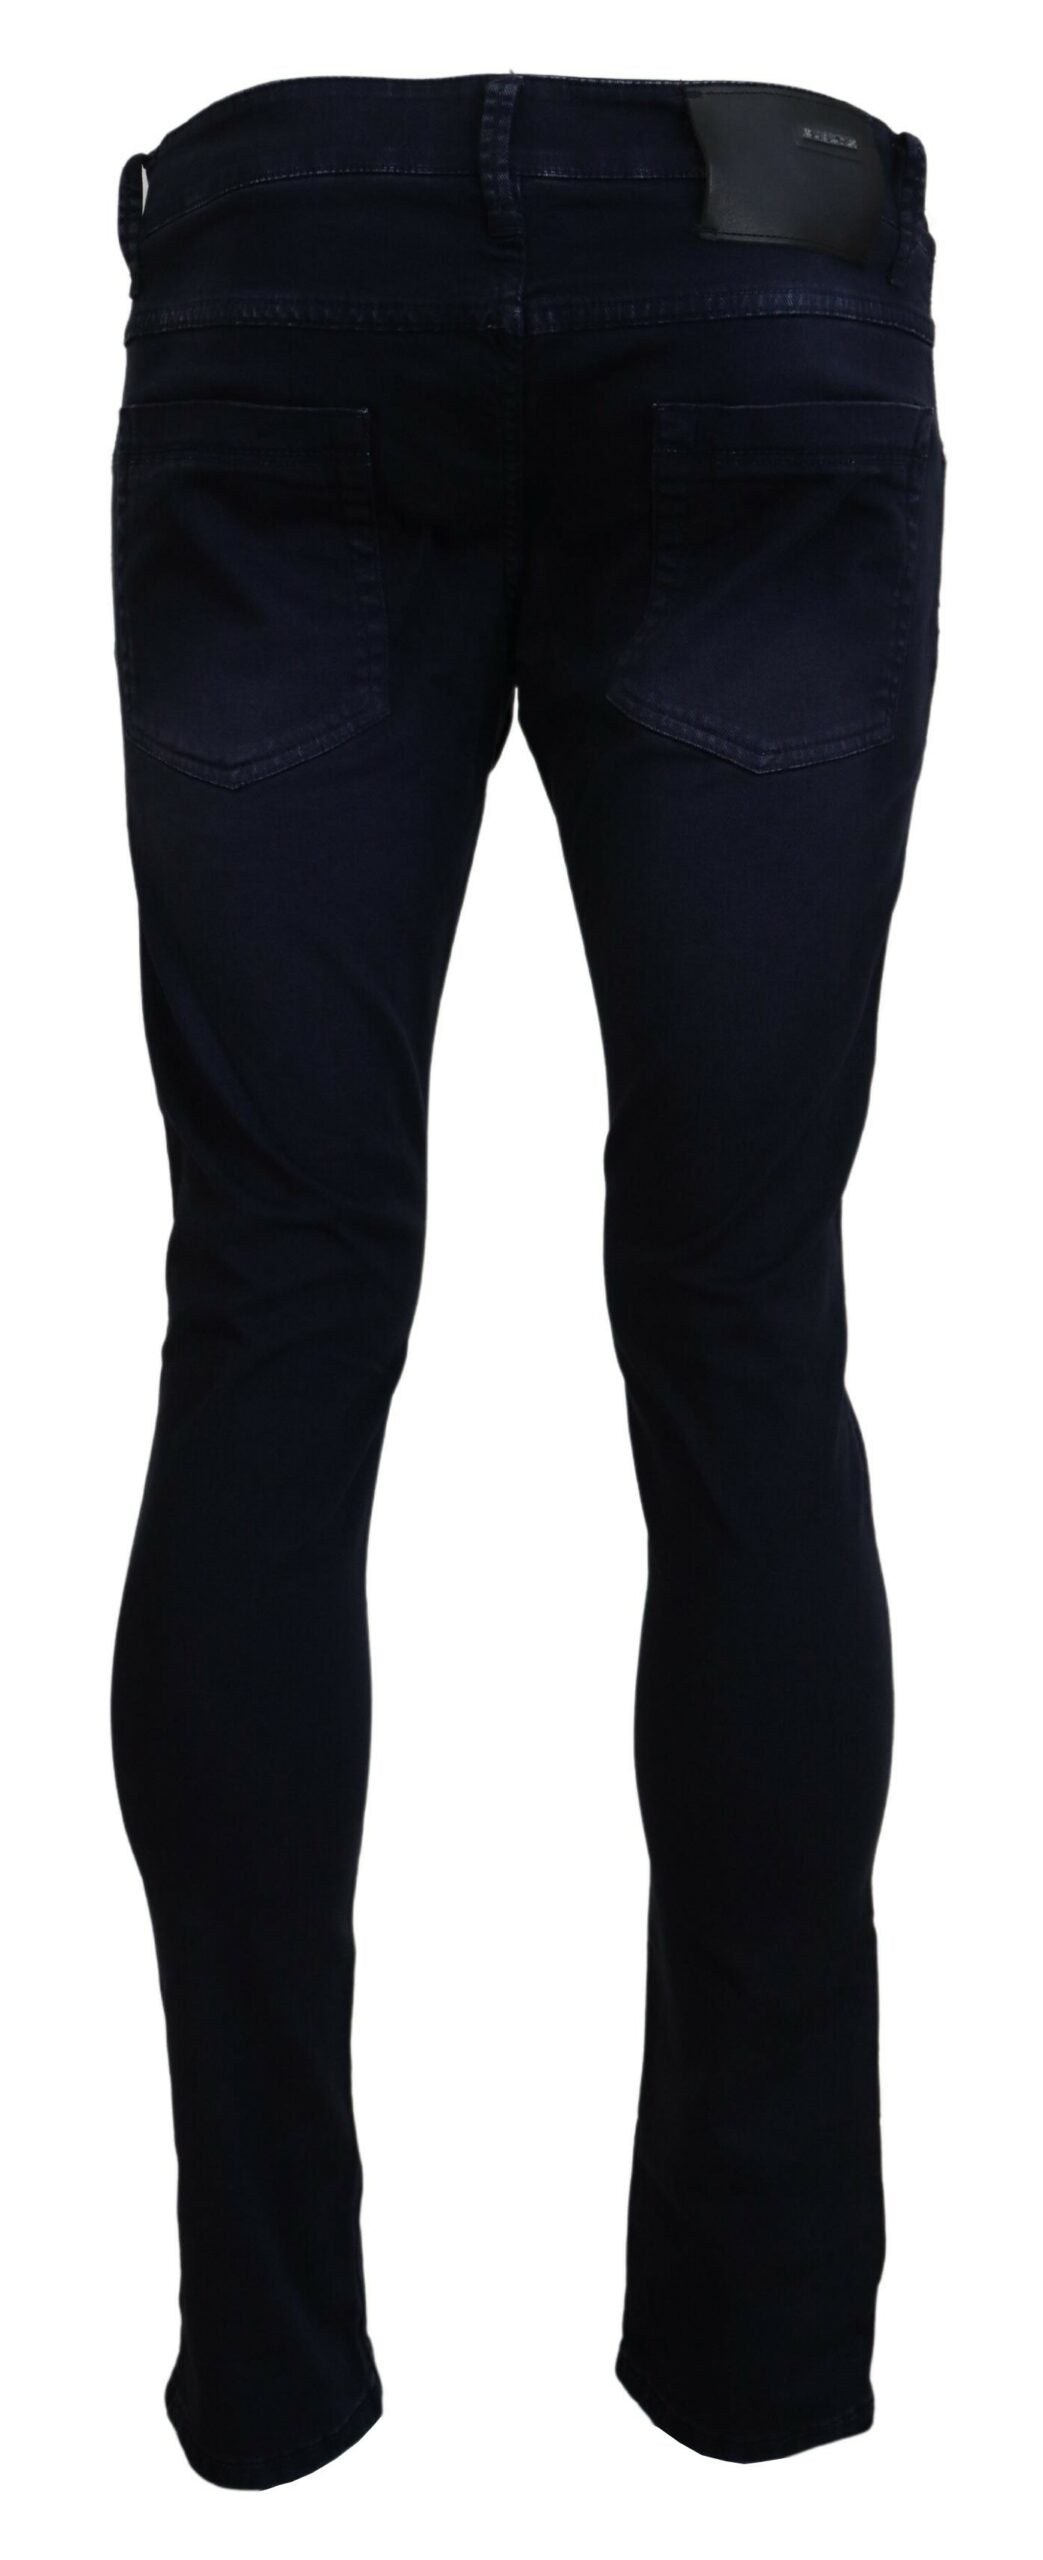 Acht Blue Cotton Tapered Slim Fit Men Casual Denim Jeans - Designed by Acht Available to Buy at a Discounted Price on Moon Behind The Hill Online Designer Discount Store
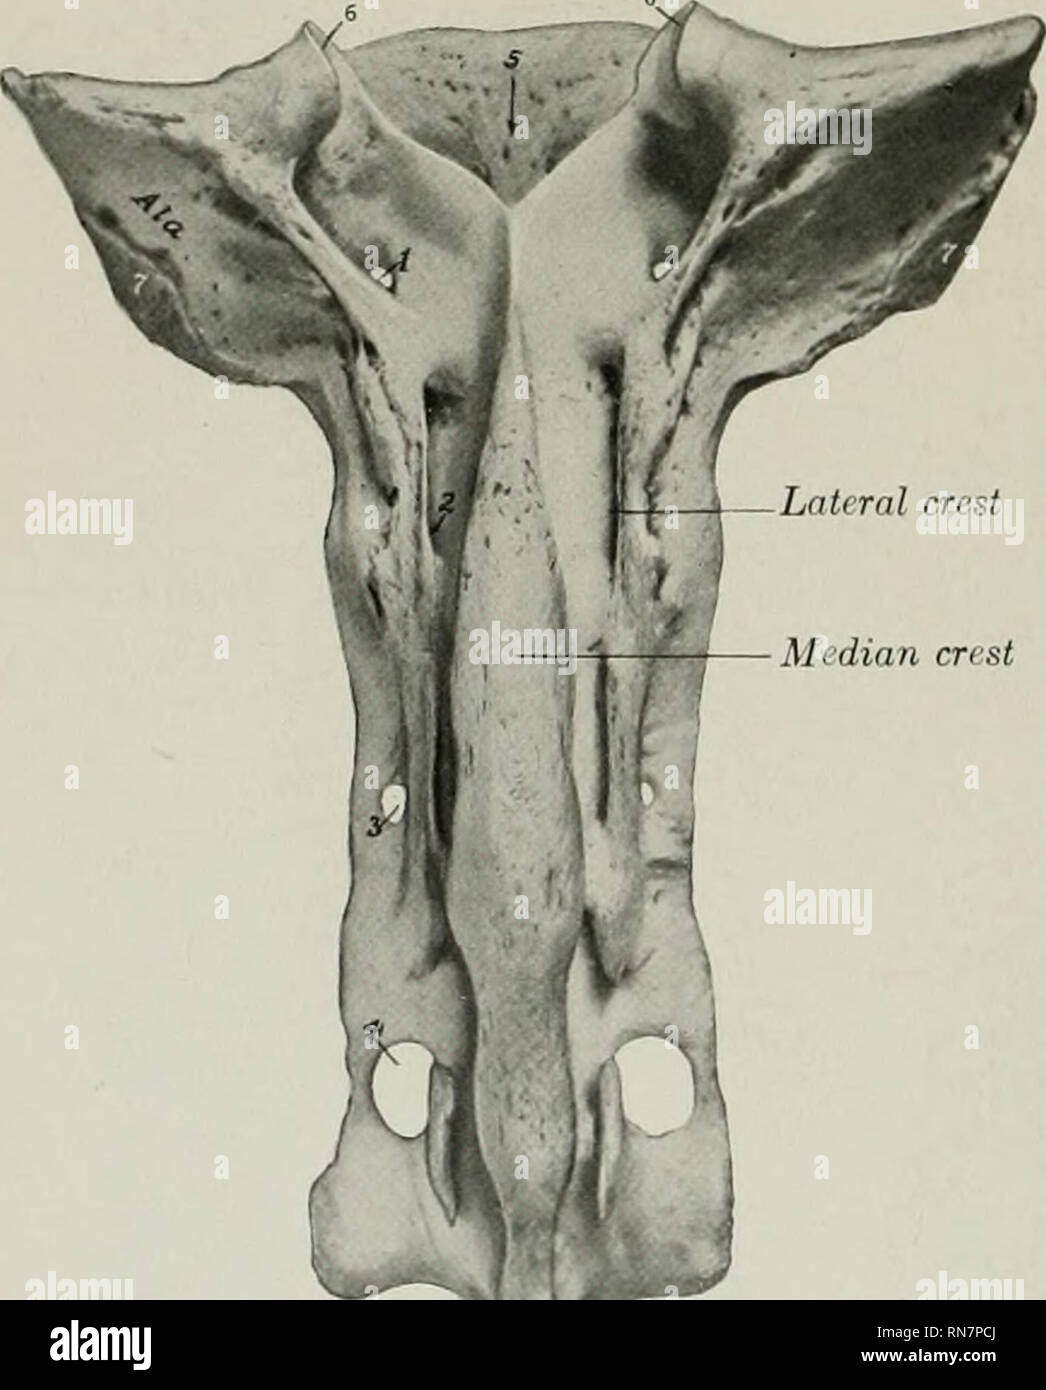 . The anatomy of the domestic animals. Veterinary anatomy. processes: 5. spinous process; C, transverse process. Median crest ess is thick and strong, and l)ears a rounded mammillary process (except at the posterior end of the series); the last two, although prominent, do not always articu- late with the ribs. The spinous process is long. The first is much higher than in the horse, the next two are usu- ally the most prominent, and be- hind this there is a very gradual diminution in height. The back- ward slope, slight at first, in- creases to the tenth; the last is vertical and lumbar in char Stock Photo
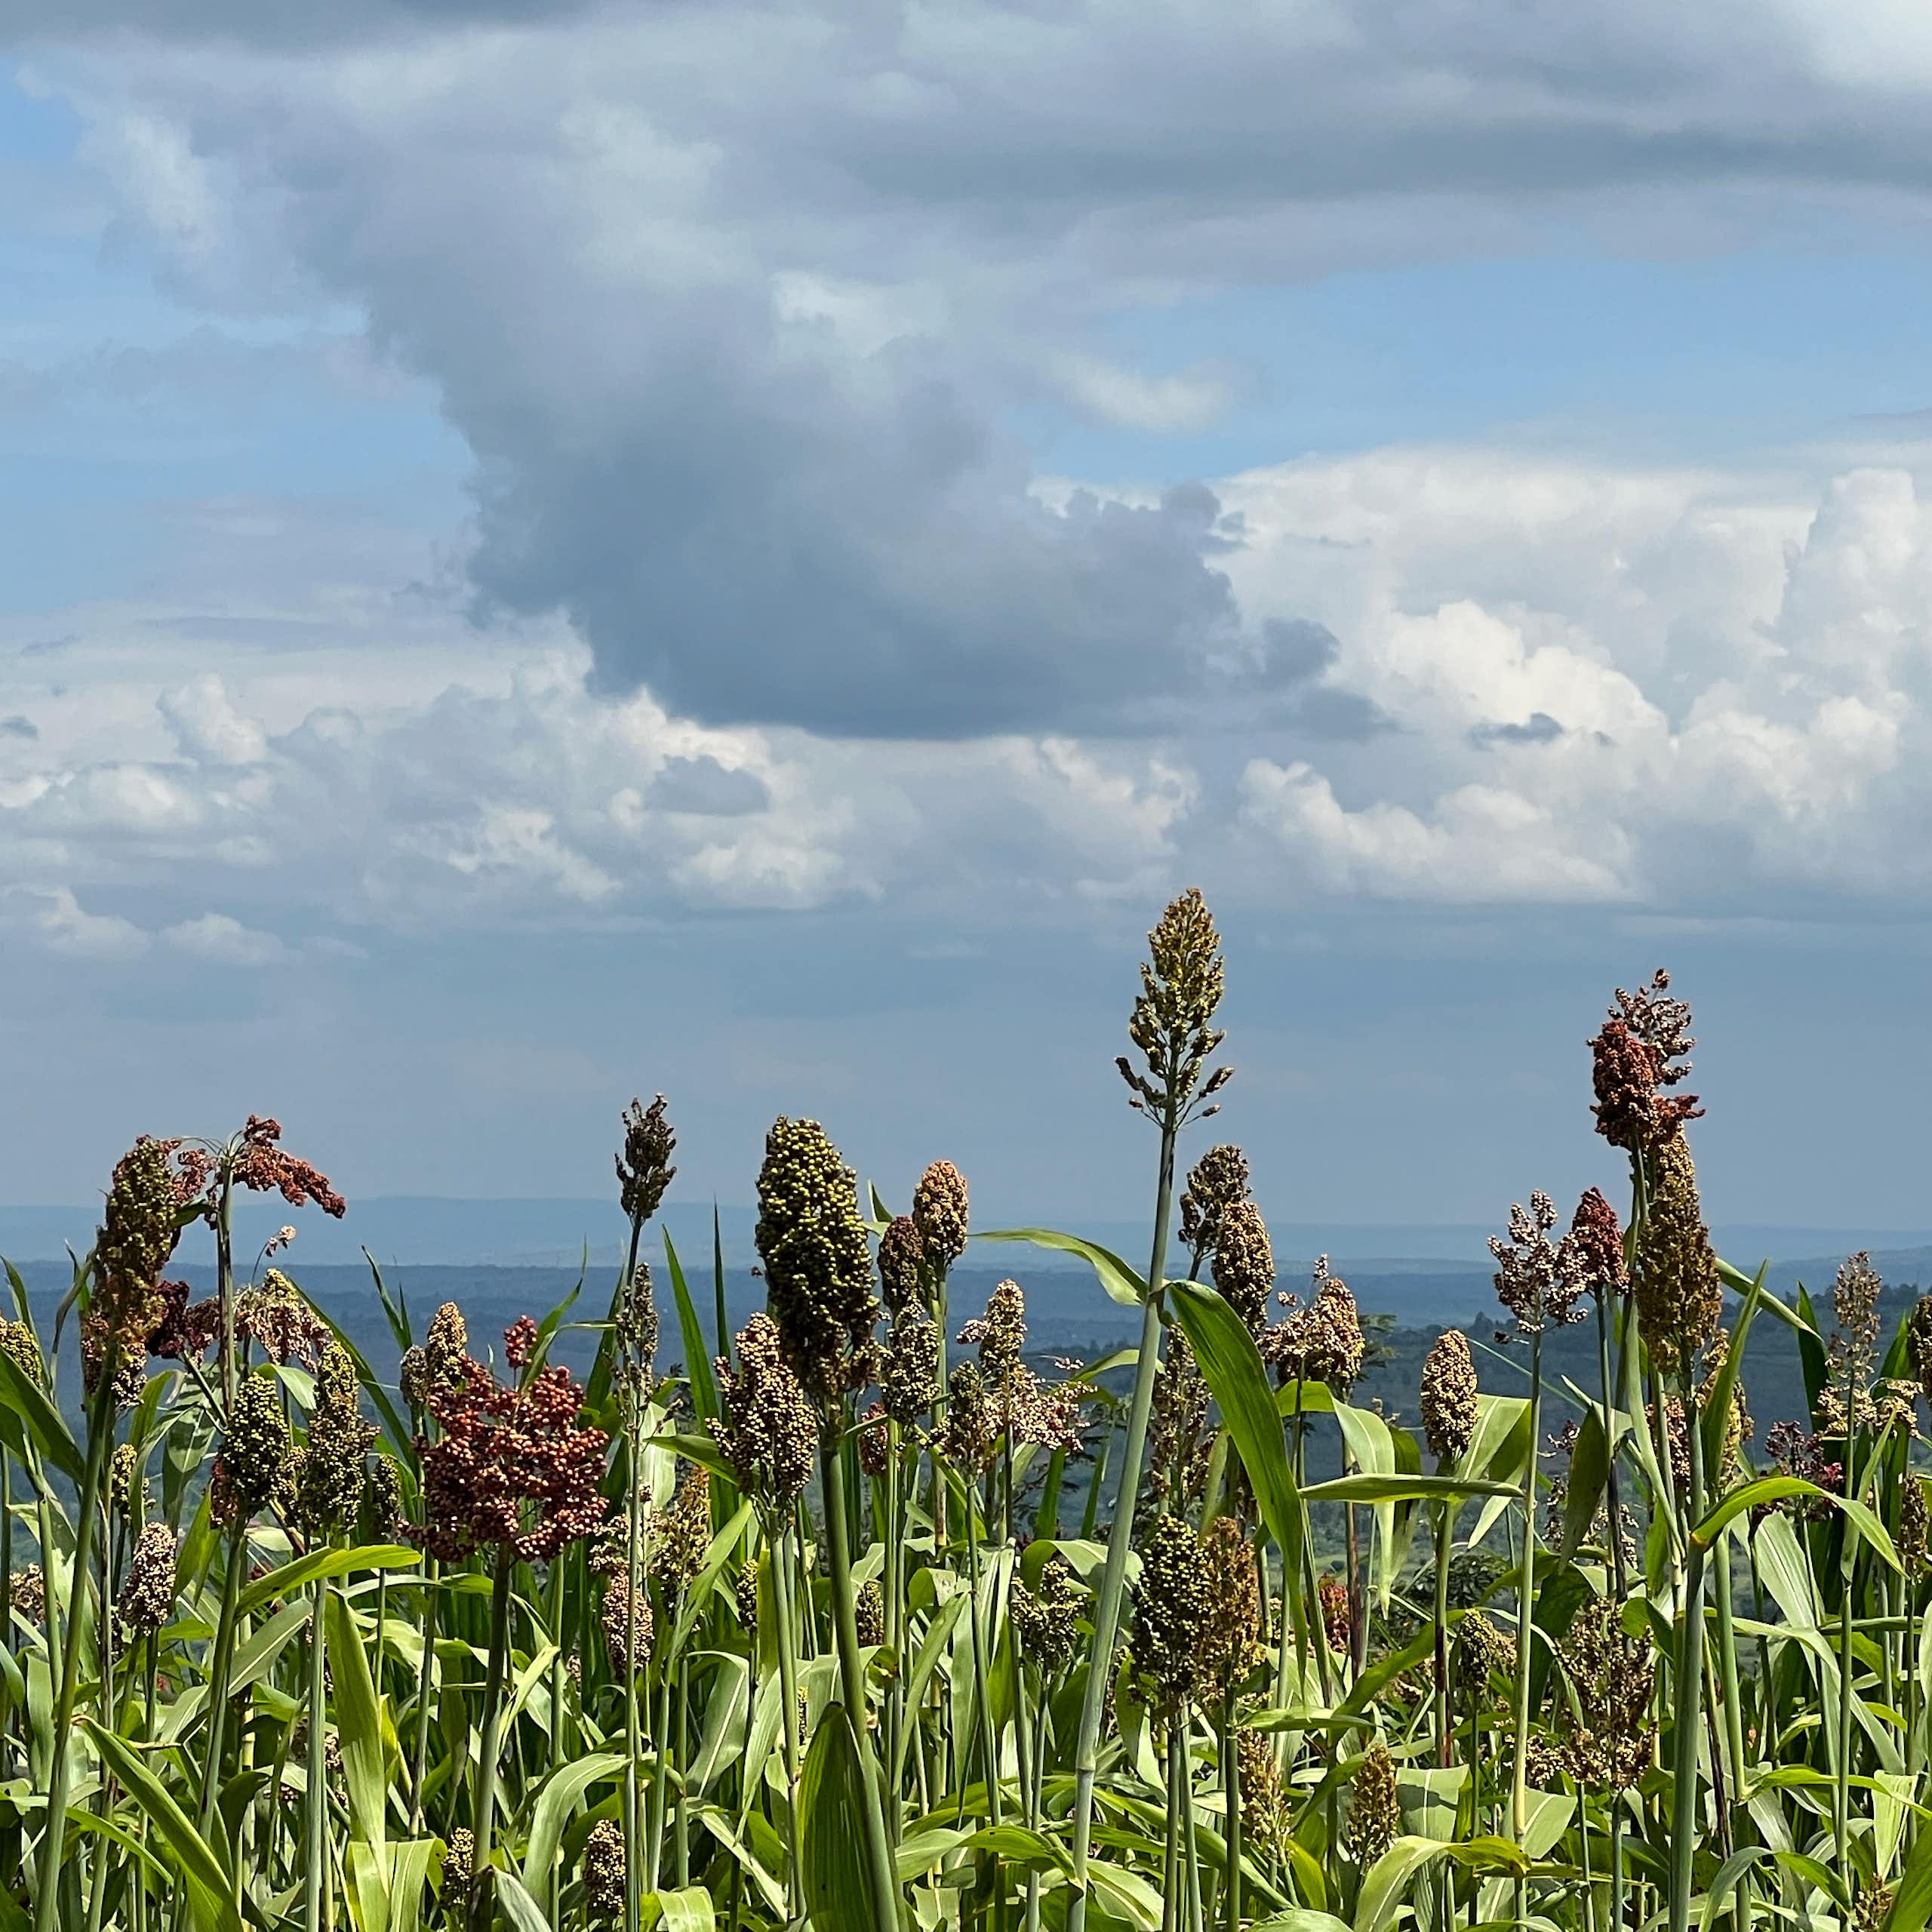 Sweet sorghum is a hardy, nutritious, biofuel crop that offers solutions in drought-hit southern Africa
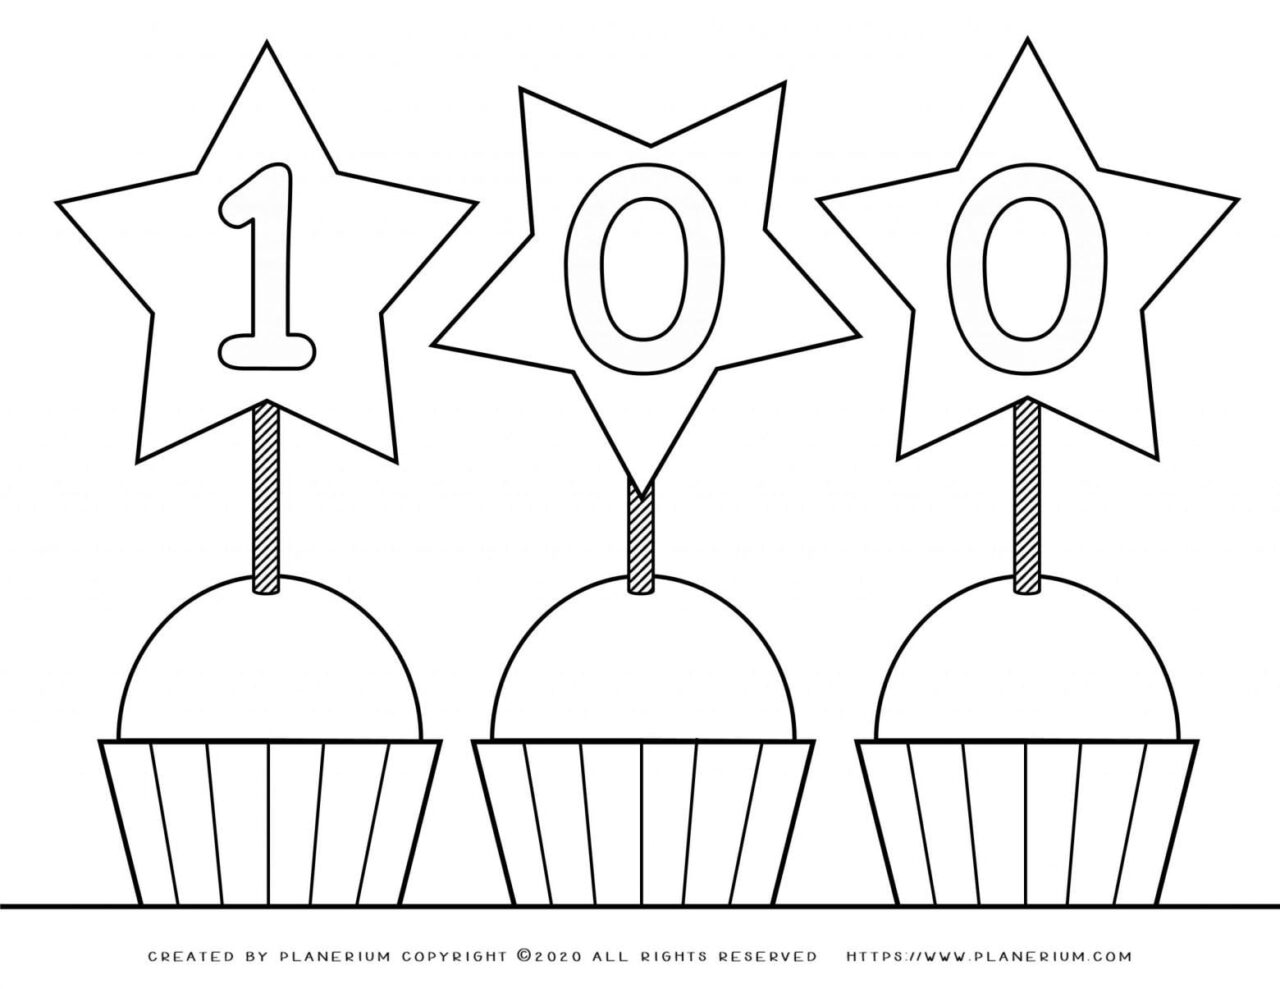 100 days of School - Coloring Page - Stars | Planerium

WHAT THE TASK ASKS
Only the pictures are dropped. Otherwise, write out the listing exactly.

RESPONSE TO THE EXERCISE
 Acht Blue Cotton Tapered Slim Fit Men Casual Denim Jeans - Designed by Acht Available to Buy at a Discounted Price on Moon Behind The Hill Online Designer Discount Store
 . The anatomy of the domestic animals. Veterinary anatomy. processes: 5. spinous process; C, transverse process. Median crest ess is thick and strong, and l)ears a rounded mammillary process (except at the posterior end of the series); the last two, although prominent, do not always articu- late with the ribs. The spinous process is long. The first is much higher than in the horse, the next two are usu- ally the most prominent, and be- hind this there is a very gradual diminution in height. The back- ward slope, slight at first, in- creases to the tenth; the last is vertical and lumbar in char Stock Photo
 Sweet sorghum is a hardy, nutritious, biofuel crop that offers solutions in drought-hit southern Africa
 100 days of School - Coloring Page - Stars | Planerium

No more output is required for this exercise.